Power of Two as Sum of Consecutive Integers

A sum of $k+1$ consecutive integers $n + (n+1) + (n+2) \cdots + (n+k)$ can be written as $\sum_{i=0}^{k}{n+i} = n(k+1) + \frac{(k)(k+1)}{2} = (k+1)\left(n + \frac{k}{2}\right)$ Assume there's a power of 2 that can be written as $(k+1)\left(n + \frac{k}{2}\right)$ for some natural $n$ and $k$ , then both $(k+1)$ and $\left(n + \frac{k}{2}\right)$ must be powers of 2, which means that $k$ must be odd. But that would mean $\left(n+\frac{k}{2}\right)$ is not an integer, and so not a power of 2. This is a contradiction, and so our original assumption was false. Therefore, no power of two can be written as a sum of consecutive integers and $\boxed{\text{There is no such }k}$ is the correct answer.

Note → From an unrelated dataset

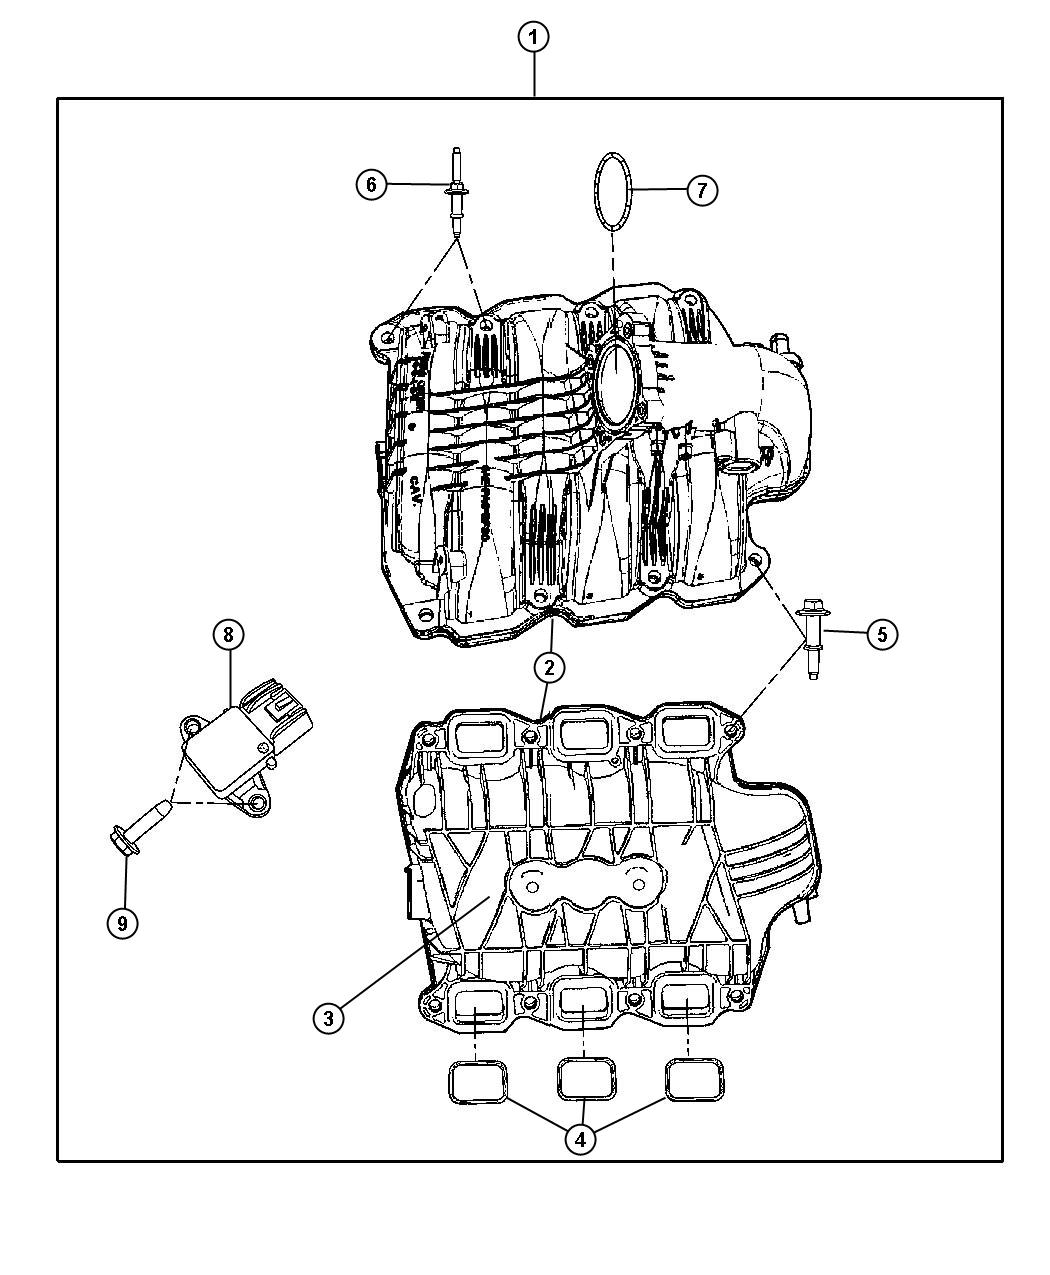 Jeep Commander Pad. Engine. Ekg, intake, manifolds

As with Jose's proof, we take the sum of $(k+1)$ consecutive integers (with $k \geq 1$ ), starting at $n$ , to be

$\sum_{i=0}^k (n+i) = (k+1)(n+\frac{k}{2}) = 2^d$ , for some positive integer $d$ .

Let us rewrite this: $(k+1)(\frac{2n + k}{2}) = 2^d$ , so

$(k+1)(2n+k) = 2^{d+1}$ .

Now we know that all the numbers involved are integers. But if $(k+1)$ is a factor of $2^{d+1}$ , and $k \geq 1$ , $k$ must be odd. Also, if $(2n+k)$ is a factor of $2^{d+1}$ , $k$ must be even. There's the contradiction.